Data extract
============

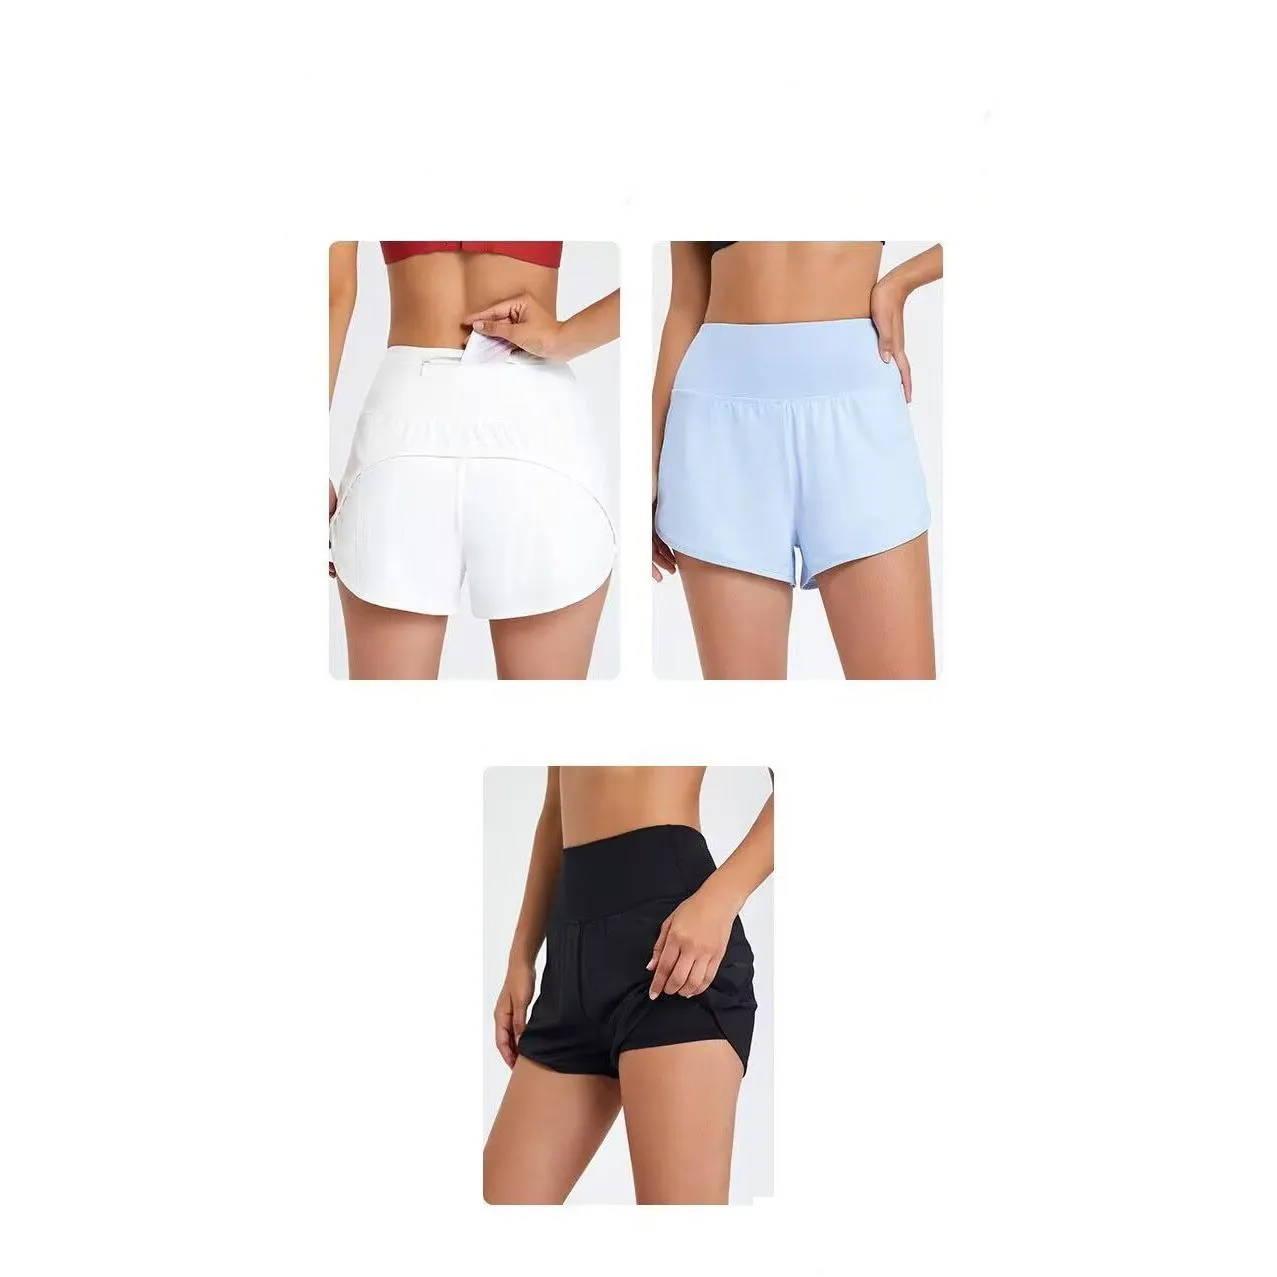 Mulheres Plus Size Calças Moda Designer Shorts Para Mulheres Cintura Alta Secagem Rápida Yoga Running Drop Delivery Vestuário Otsca
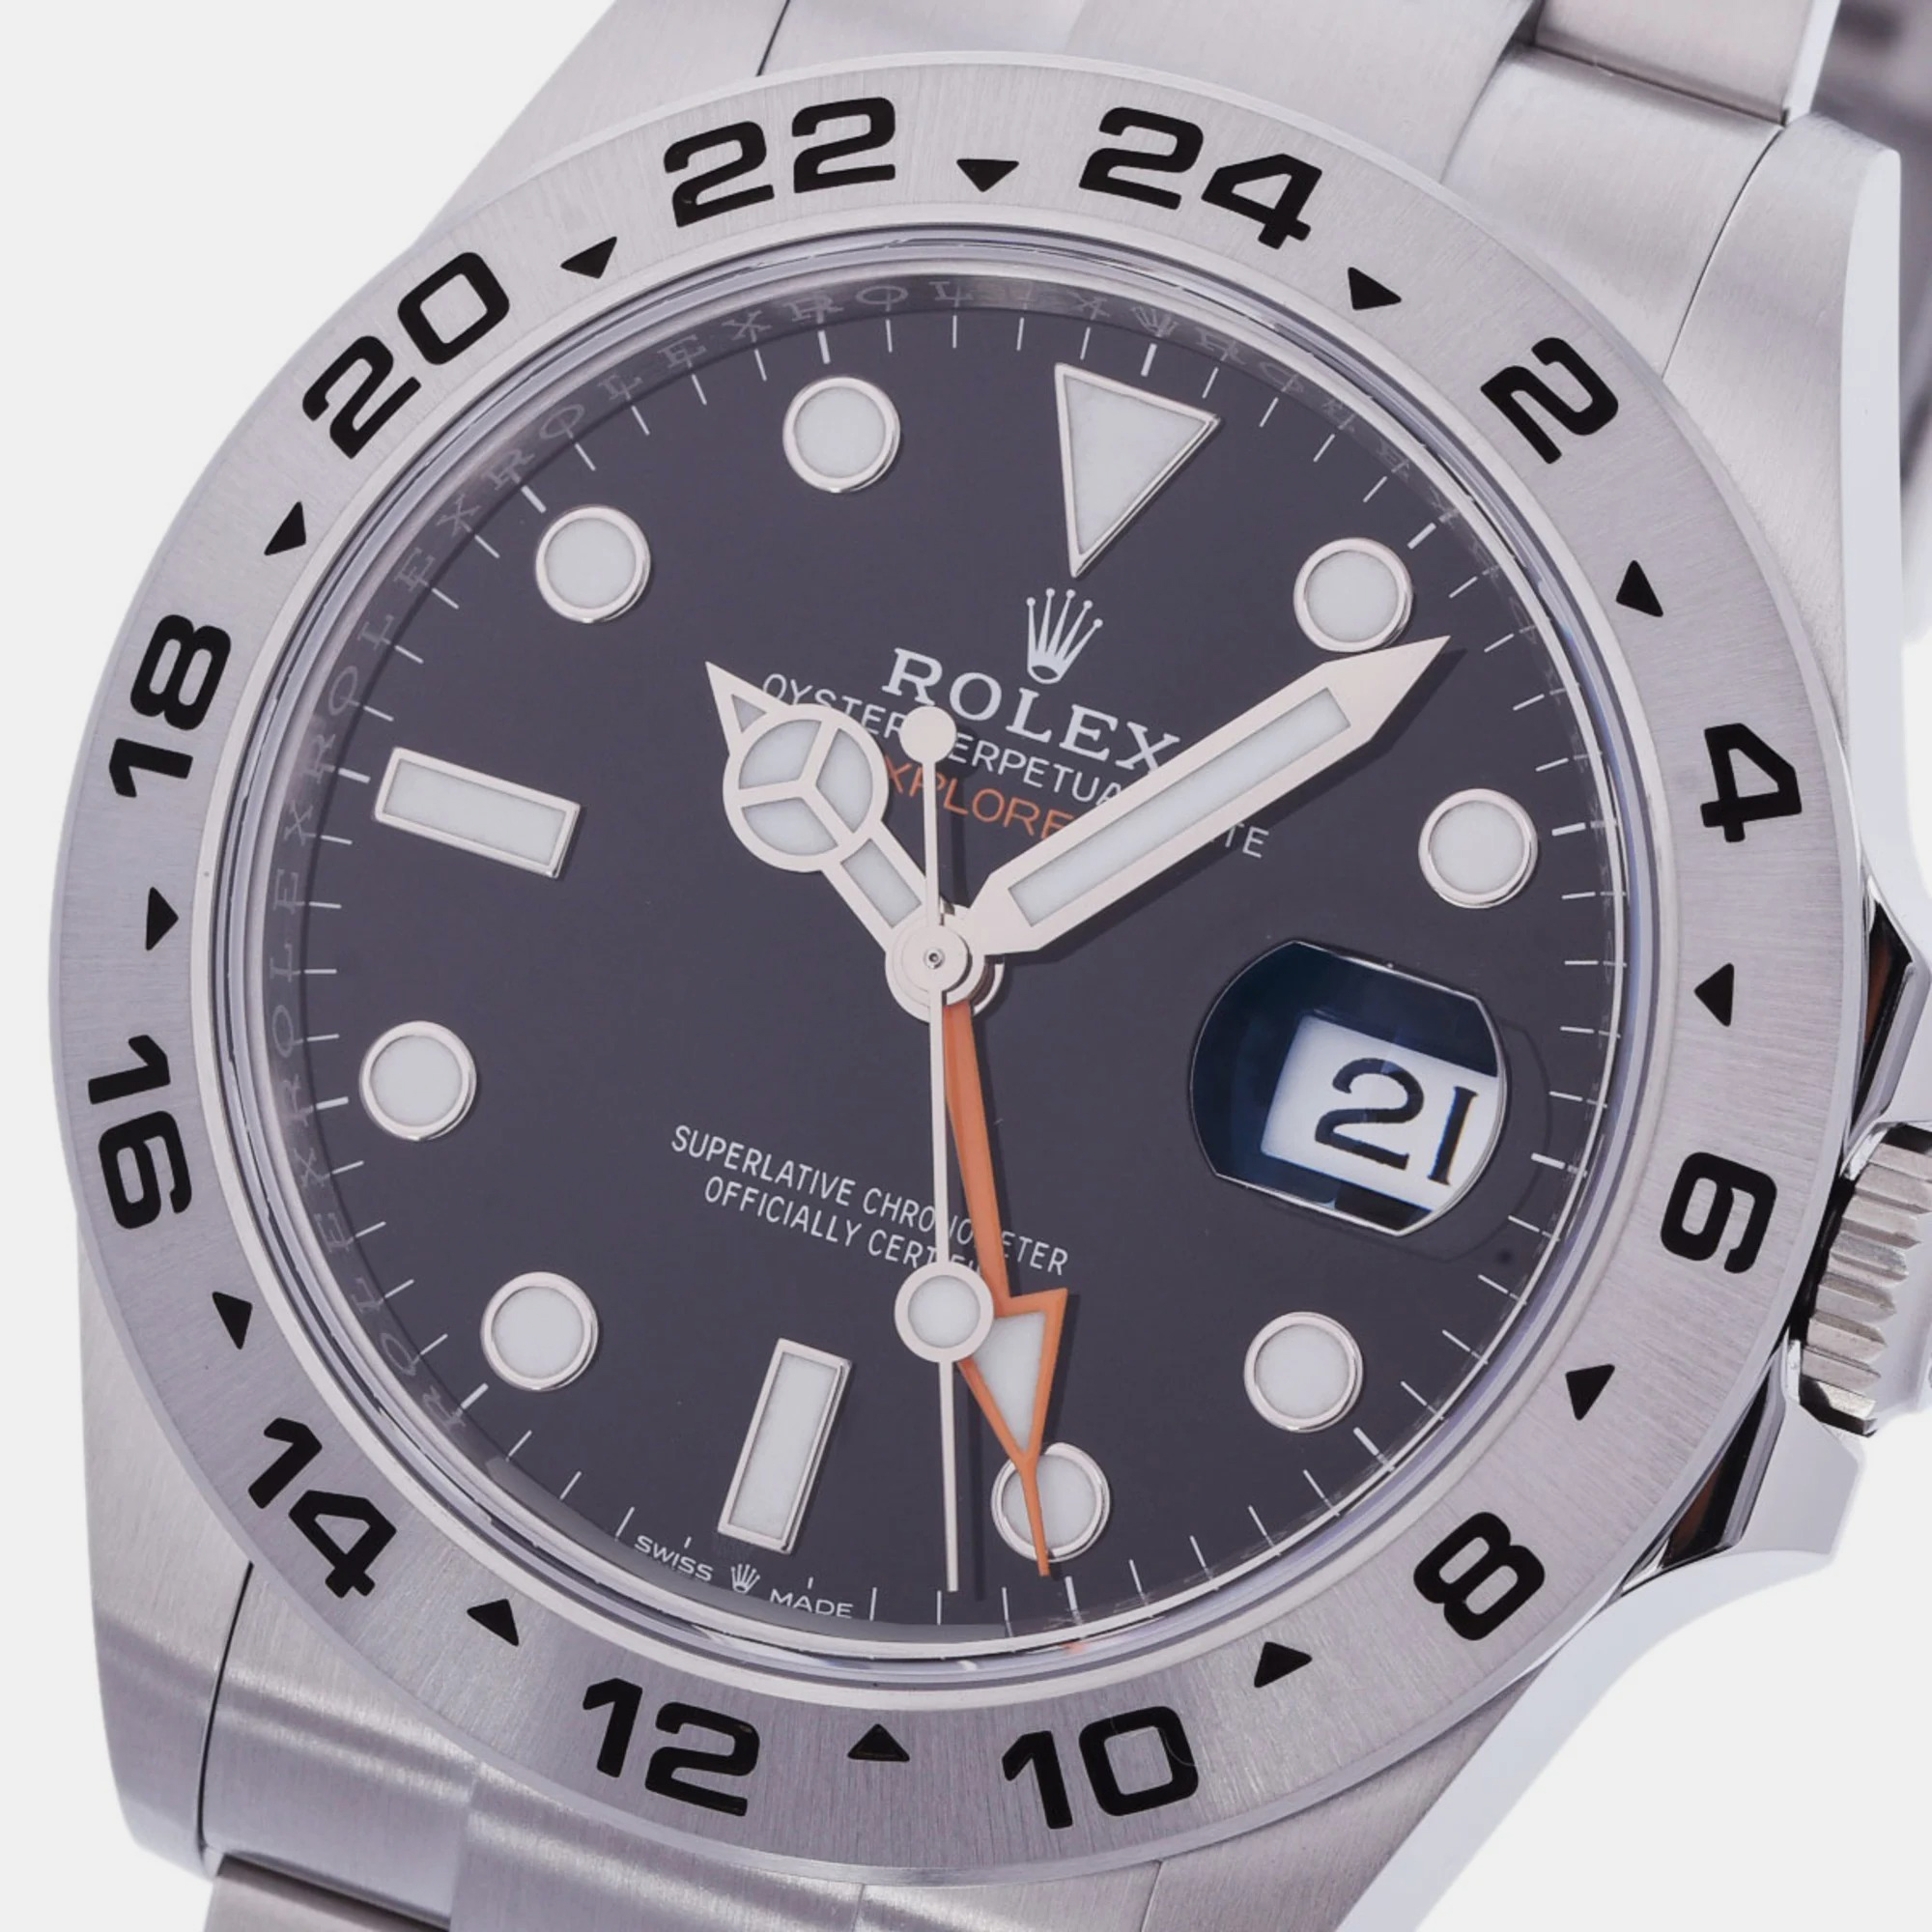 

Rolex Black Stainless Steel Explorer II 226570 Automatic Men's Wristwatch 42 mm
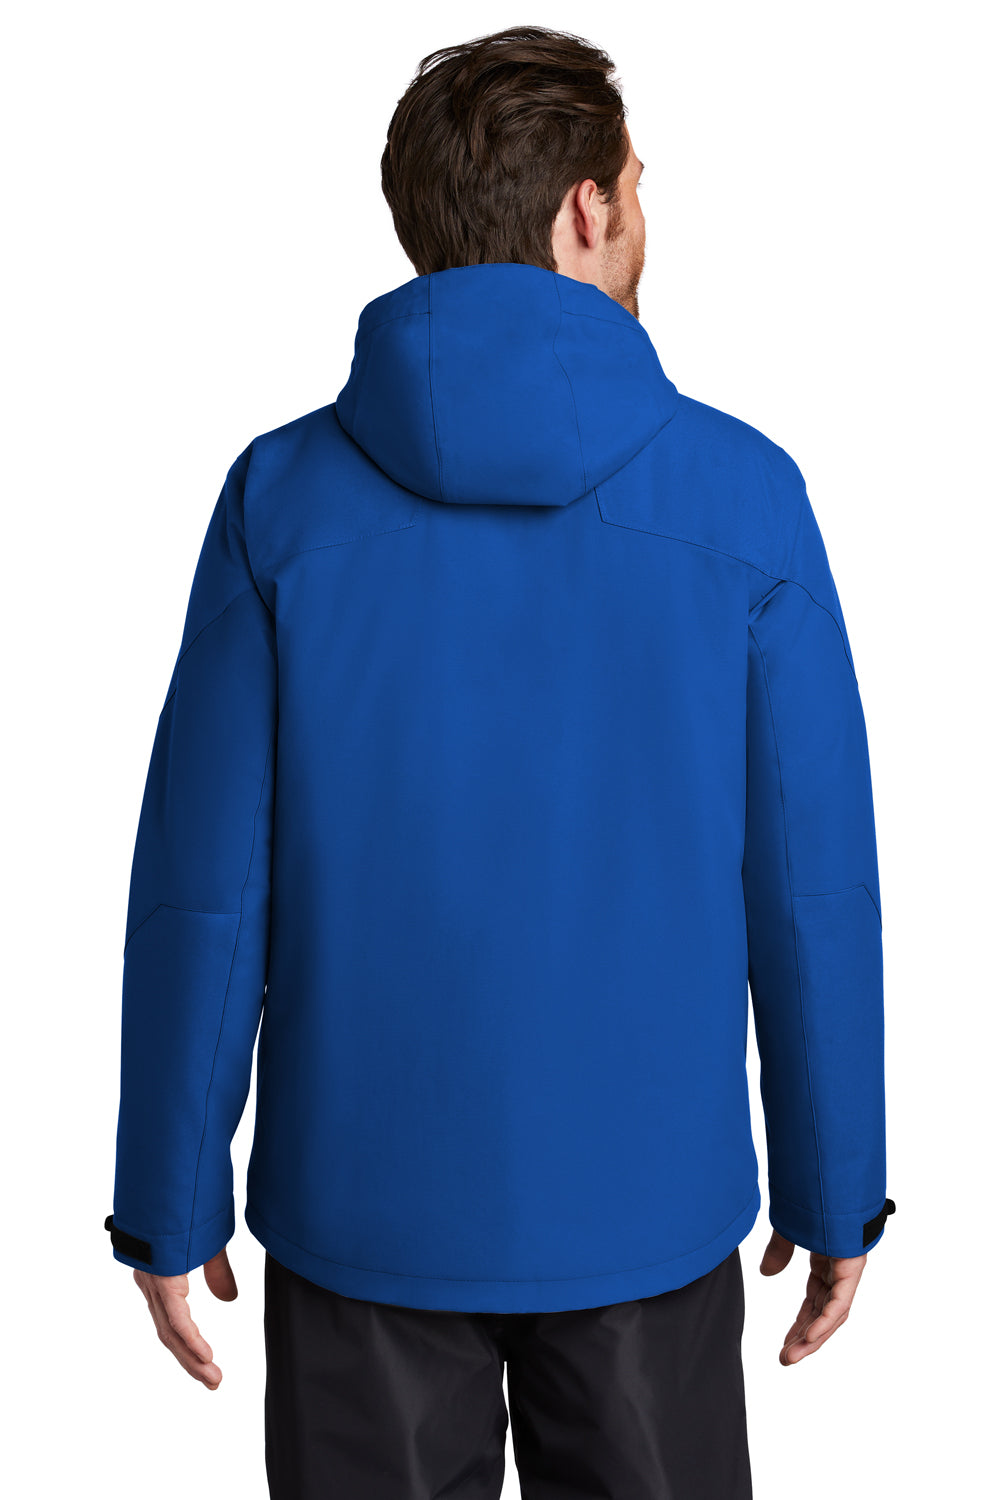 Port Authority Mens Tech Waterproof Full Zip Hooded Jacket Cobalt Blue Side

============

What is required
For this exercise, restate the material exactly and skip every picture.

Response to this task
 Mulheres Plus Size Calças Moda Designer Shorts Para Mulheres Cintura Alta Secagem Rápida Yoga Running Drop Delivery Vestuário Otsca

Rolex Black Stainless Steel Explorer II 226570 Automatic Men's Wristwatch 42 mm
 Port Authority Mens Tech Waterproof Full Zip Hooded Jacket Cobalt Blue Side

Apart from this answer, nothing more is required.